[Data segment — start]

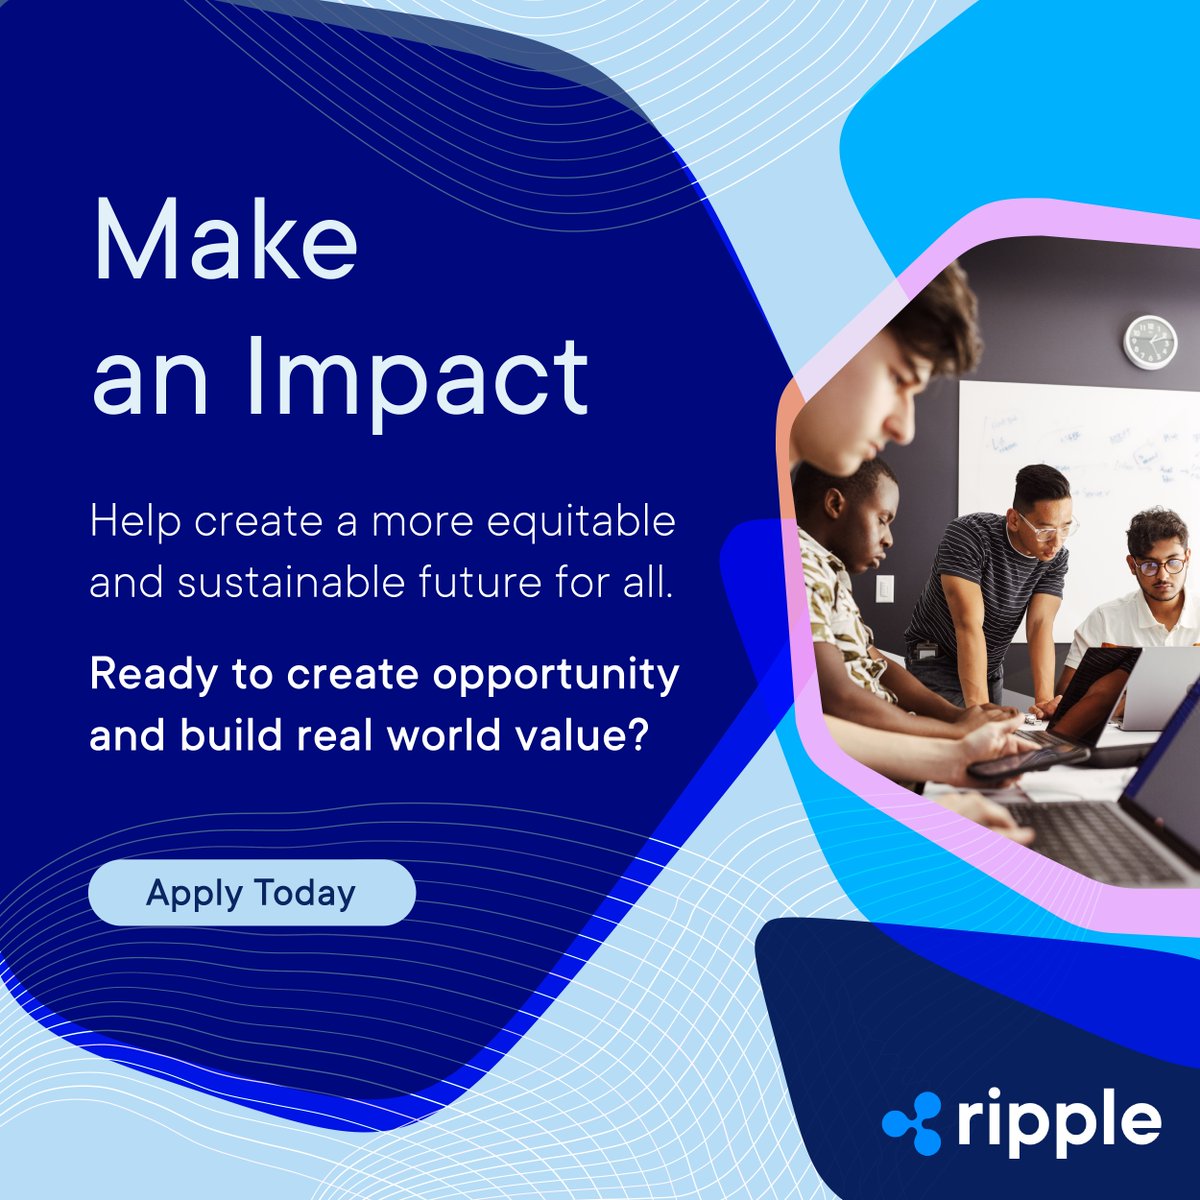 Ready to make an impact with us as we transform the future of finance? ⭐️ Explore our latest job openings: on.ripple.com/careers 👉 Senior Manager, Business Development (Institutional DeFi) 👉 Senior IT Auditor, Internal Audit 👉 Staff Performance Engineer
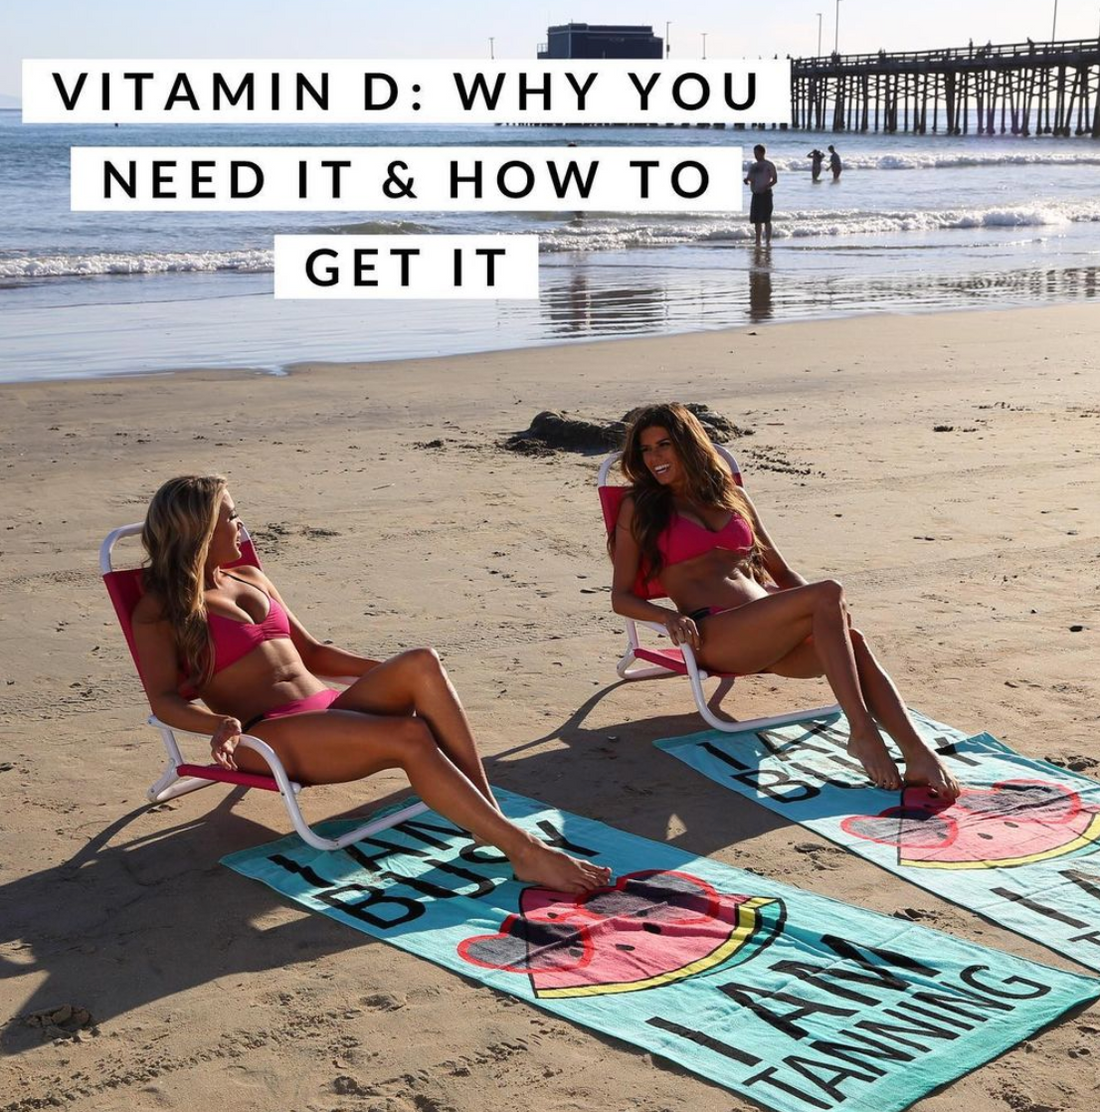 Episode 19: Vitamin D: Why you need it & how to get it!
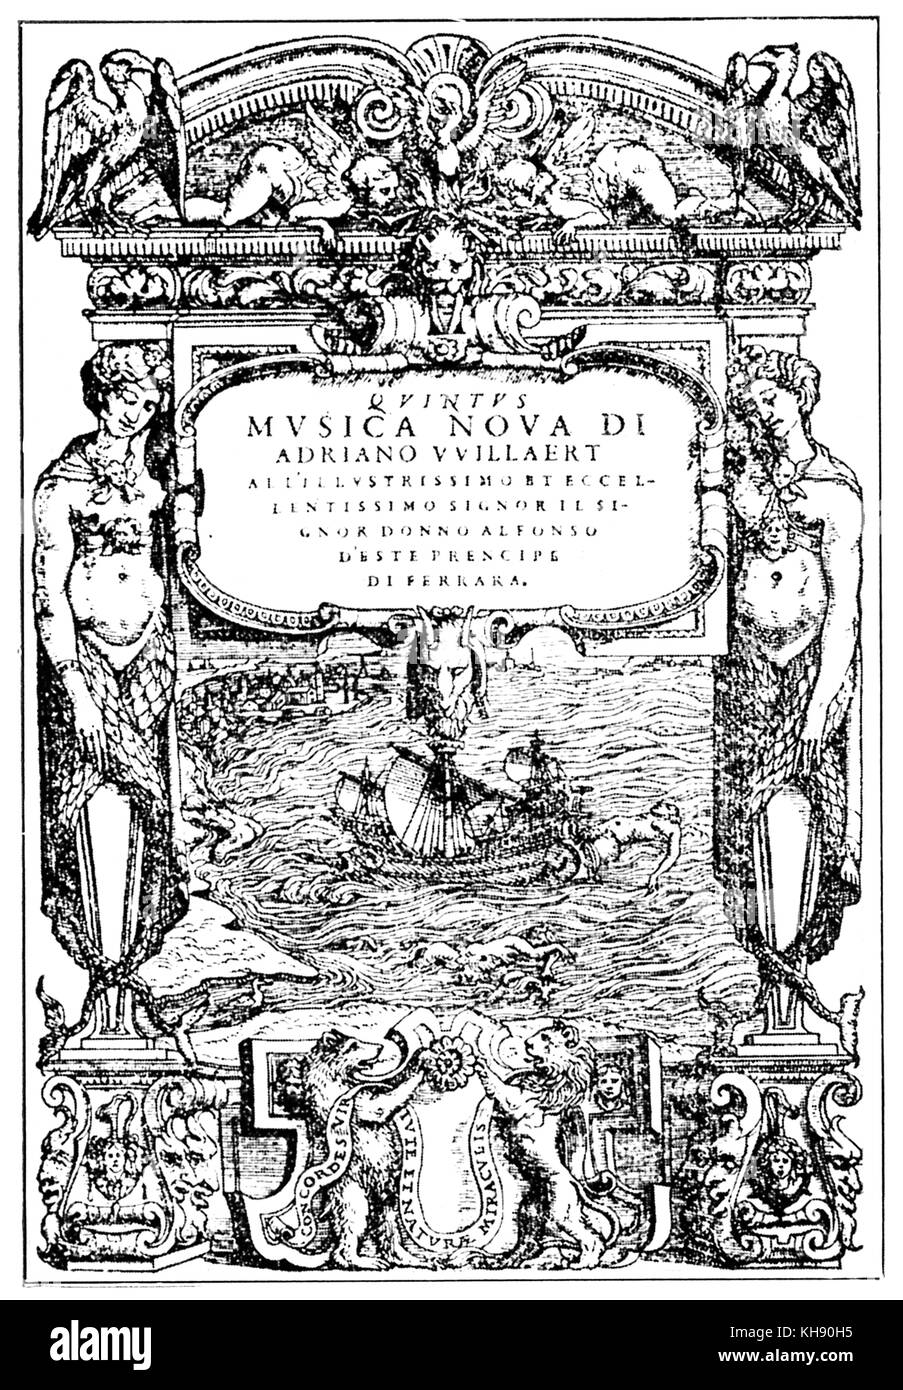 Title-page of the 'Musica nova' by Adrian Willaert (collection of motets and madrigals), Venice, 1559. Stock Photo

[Data segment — finish]

Pictures stay out; everything else in the listing above gets repeated exactly.

 Ready to make an impact with us as we transform the future of finance? ⭐️ Explore our latest job openings: on.ripple.com/careers 👉 Senior Manager, Business Development (Institutional DeFi) 👉 Senior IT Auditor, Internal Audit 👉 Staff Performance Engineer
 Episode 19: Vitamin D: Why you need it & how to get it!
 Title-page of the 'Musica nova' by Adrian Willaert (collection of motets and madrigals), Venice, 1559. Stock Photo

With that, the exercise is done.